Only in recent weeks has he shown the sort of skills that once prompted the former Canaries favourite and coach Ian Crook to say he would become one of the best defenders to ever wear the yellow and green colours of Norwich City.

On Saturday, he proved what Crook had been talking about.

It was a first half that needed him and Elliott Ward to prove that Barnett's absence, most probably until the end of the season, would prove to be no more than a minor irritation. They'd hardly played together before, but needed everything to stick like glue in the face of Leeds' white storm. It was a tough task, and one which they just about weathered, although they will be forever indebted to the Elland Road woodwork which denied Luciano Becchio and a profligate Jonny Howson, who, in a matter of a second or two, somehow managed to find just the back of Russell Martin and then the crossbar when he really should have scored.

City were breached once in the half, when a cross from the left by Max Gradel was flicked on by the head of the excellent Robert Snodgrass – who used to play alongside Lambert and City's Wes Hoolahan for Livingston – for Becchio to jump above Adam Drury at the far post and bundle over the line with what looked like his right shoulder.

It was a goal that had been coming for a while, but Leeds will kick themselves for failing to increase the advantage.

David Fox had City's best efforts, from long range, one of which forced Kasper Schmeichel into a full-length diving save to his left, but they were finding it hard to get at Leeds.

If it was a case of getting to half-time just a goal down, then someone forgot City's penchant for rewriting the script as they reproduced their habit of scoring in time added – this time at the midway point.

Andrew Crofts crossed it in high from the right, Holt rose above Eric Lichaj to nod it down for Henri Lansbury, who cracked it in from 10 yards and then embarked on a goal celebration that looked like a man washing his hair while trying to shake ants out of his pants.

No matter, the goal may have worked wonders for City, who were a much better outfit after the break as the two warriors went toe to toe.

Gradel fired over from a position reminiscent of Lansbury's when he scored, but City were almost ahead on 67 minutes when Wilbraham – whose efforts will surely silence a few of those who jump to doubt him after just a handful of appearances – nodded down a Martin free-kick for Holt, who twisted to try and flick it past Schmeichel with his right foot, but saw the ball come back off the post.

City had turned the game around and a minute later they were ahead.
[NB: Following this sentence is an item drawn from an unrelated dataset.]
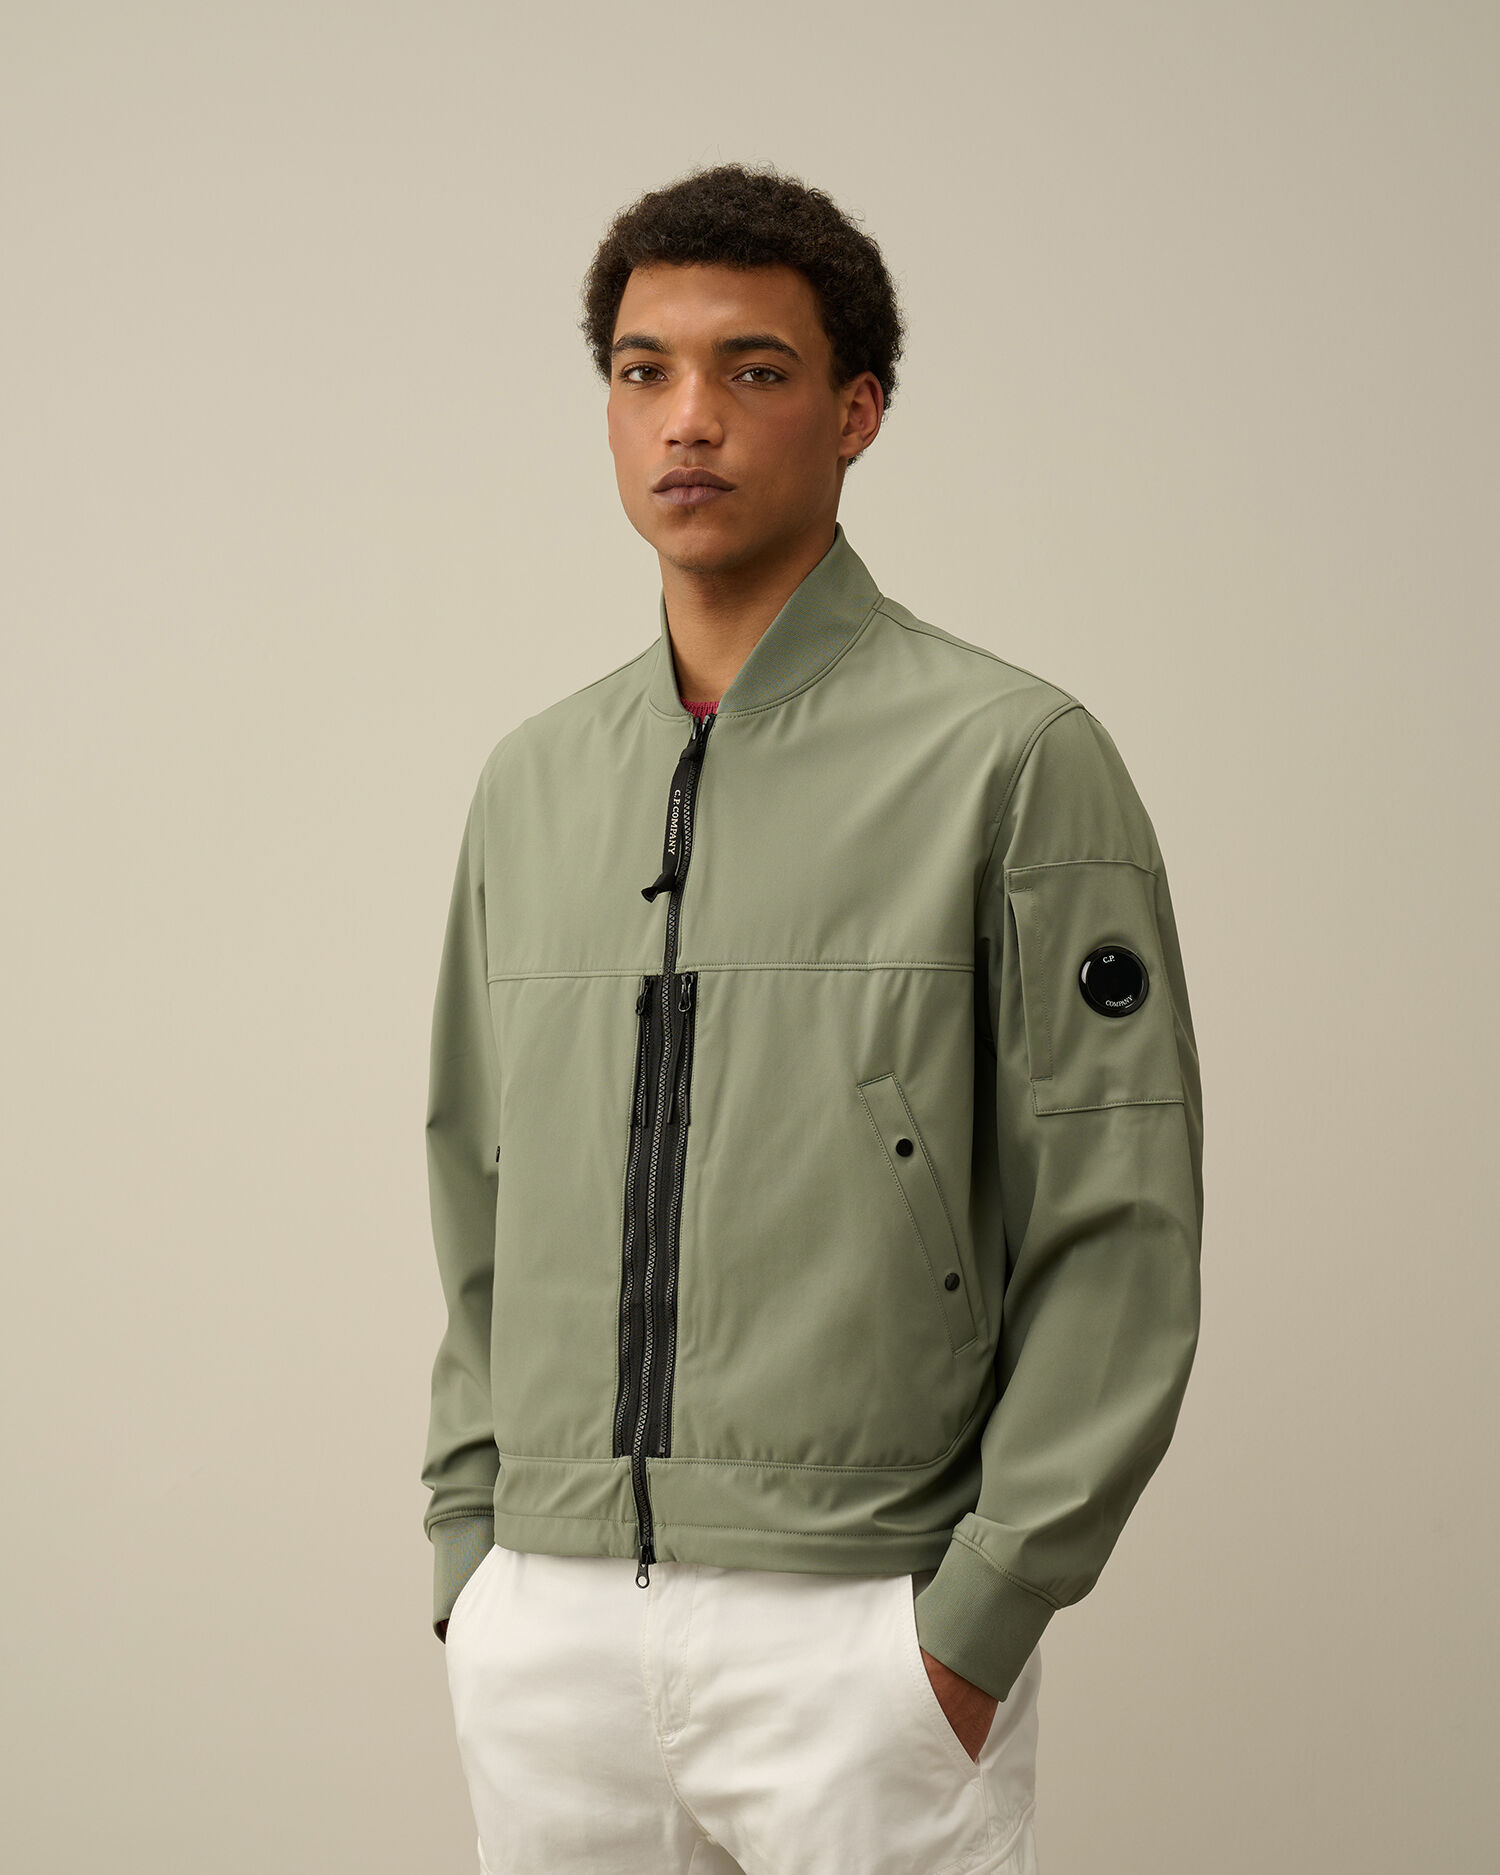 Outerwear - Men's Jackets, Coats & Gilets | C.P. Company

Ward won good possession some 30 yards out, slipped the ball forward to Crofts who, from a central position, looked to dummy Leeds into thinking he was about to pull the trigger. While Leeds were waiting, Hoolahan was finding space on the right side of the area – Crofts found him, but Hoolahan still had plenty to do in adjusting his body weight before the outside of his left boot sent the ball goalwards. Lichaj's sliding touch took it over the line, but wasn't enough to put the dreaded letters OG next to his name.

Leeds, as expected, fought back, but while Whitbread brilliantly foiled Snodgrass he could do little to avoid Becchio getting his head to Alex Bruce's ball in from the left which left substitute David Somma with the opportunity to make a name for himself with his first touch. His volley was sweet and found the bottom right-hand corner – a skill learned during his loan spell under Chris Sutton at Lincoln City last season perhaps.

Leeds had to attack, their fans demanded it, and in the final 10 minutes there were two occasions when they must have thought they'd won it. The first came when Snodgrass sent a teasing cross in from the left. It was Somma's all the way, but somehow Whitbread got in front of the player, under the ball and headed it away – it was a magnificent clearance.

Then, in time added on, Somma played a one-two with sub Billy Paynter just inside the City area. It was Paynter versus Ruddy. Paynter got in a shot and, while Whitbread may have done enough to put him off, it still needed Ruddy to palm it away.

There was to be no dramatic finale on an almost epic afternoon of football, but if Norwich City remain where they are for the rest of the season, they will perhaps look to the performances of Zak Whitbread and John Ruddy at Elland Road and pass them an Oscar.